A dilute (approximately 5 percent by volume) solution of E260 Acetic Acid produced by fermentation and oxidation of natural carbohydrates is called vinegar; a salt, ester, or acylal of E260 Acetic Acid is called acetate.

Industrially, E260 Acetic Acid is used in the preparation of metal acetates, used in some printing processes; vinyl acetate, employed in the production of plastics; cellulose acetate, used in making photographic films and textiles; and volatile organic esters (such as ethyl and butyl acetates), widely used as solvents for resins, paints, and lacquers.

Biologically, E260 Acetic Acid is an important metabolic intermediate, and it occurs naturally in body fluids and in plant juices.
E260 Acetic Acid has been prepared on an industrial scale by air oxidation of acetaldehyde, by oxidation of ethanol (ethyl alcohol), and by oxidation of butane and butene.
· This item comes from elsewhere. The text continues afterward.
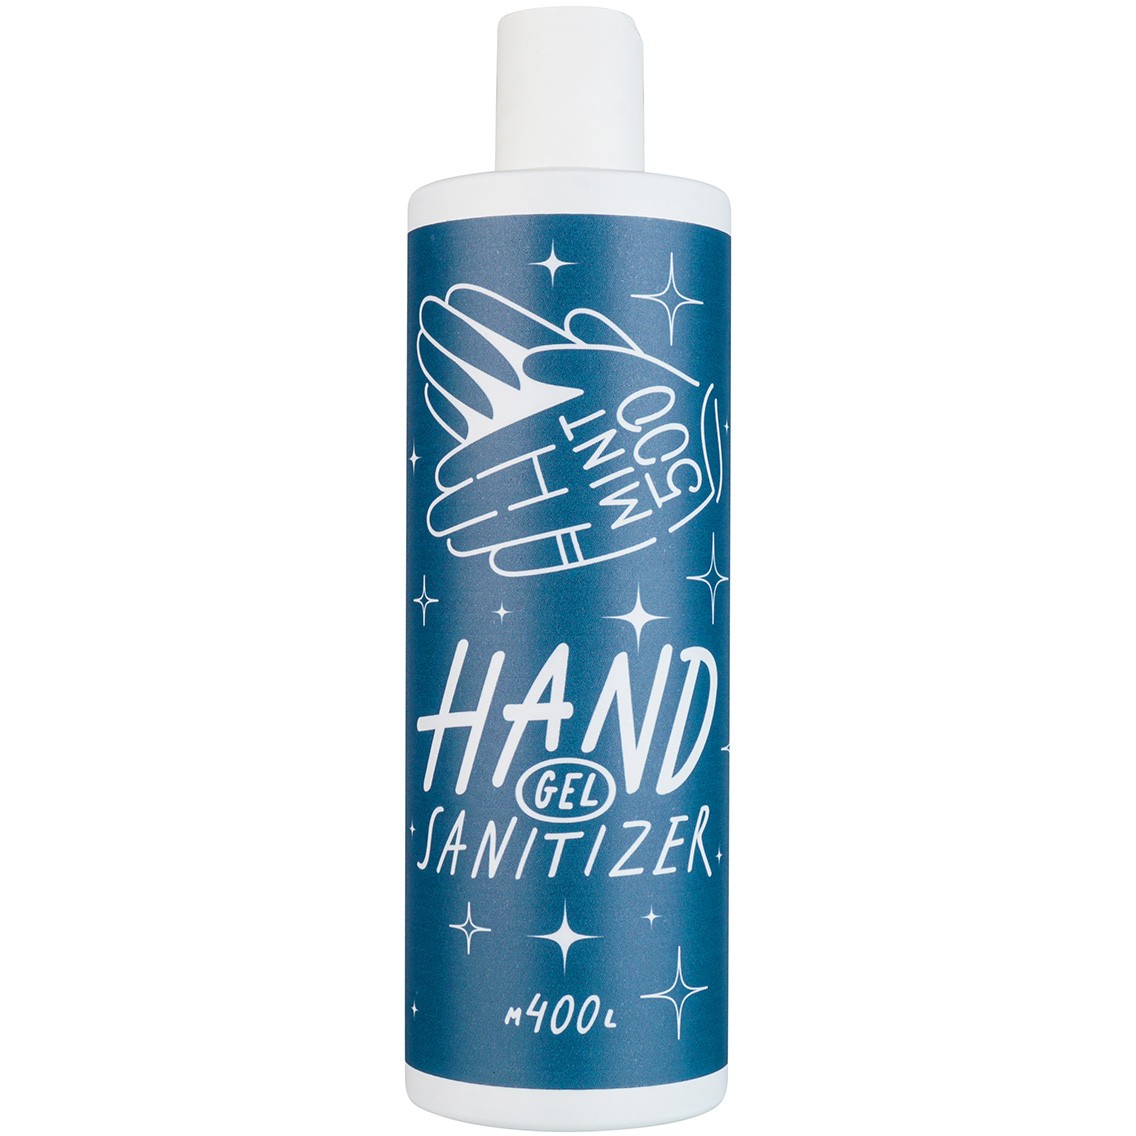 Mint500 Hand Sanitizer Gel - Антибактериальный гель для рук с запахом ванили, 400 мл - фото 1
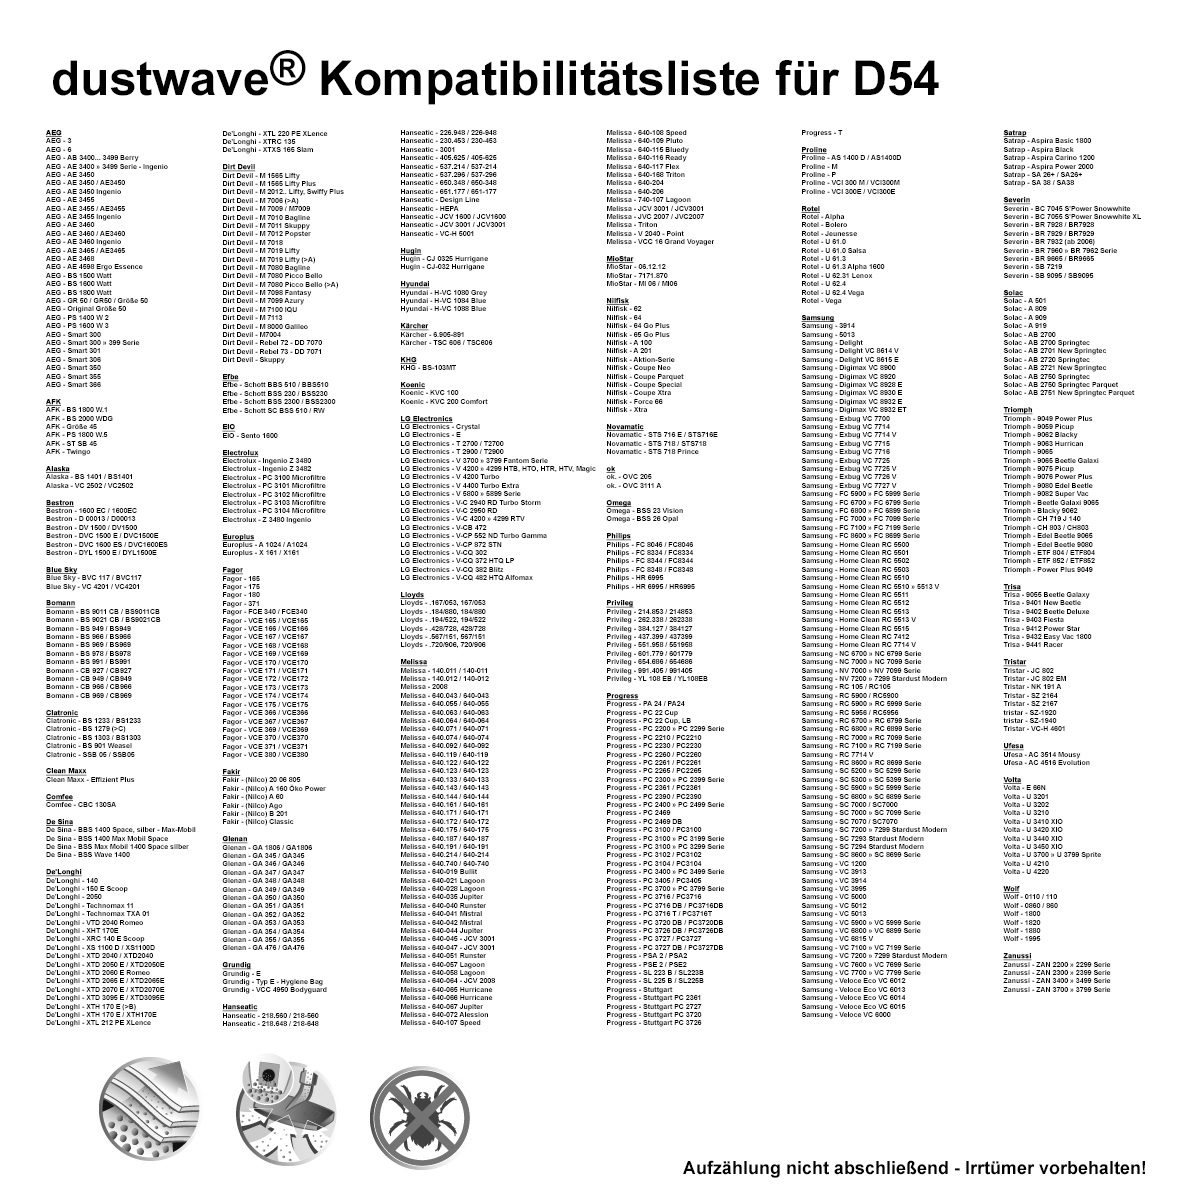 Dustwave® 10 Staubsaugerbeutel für Bravo B 4521 Mouse - hocheffizient, mehrlagiges Mikrovlies mit Hygieneverschluss - Made in Germany

Today E260 Acetic Acid is manufactured by a process developed by the chemical company Monsanto in the 1960s; it involves a rhodium-iodine catalyzed carbonylation of methanol (methyl alcohol).
Pure E260 Acetic Acid, often called glacial E260 Acetic Acid, is a corrosive, colourless liquid (boiling point 117.9 °C [244.2 °F]; melting point 16.6 °C [61.9 °F]) that is completely miscible with water.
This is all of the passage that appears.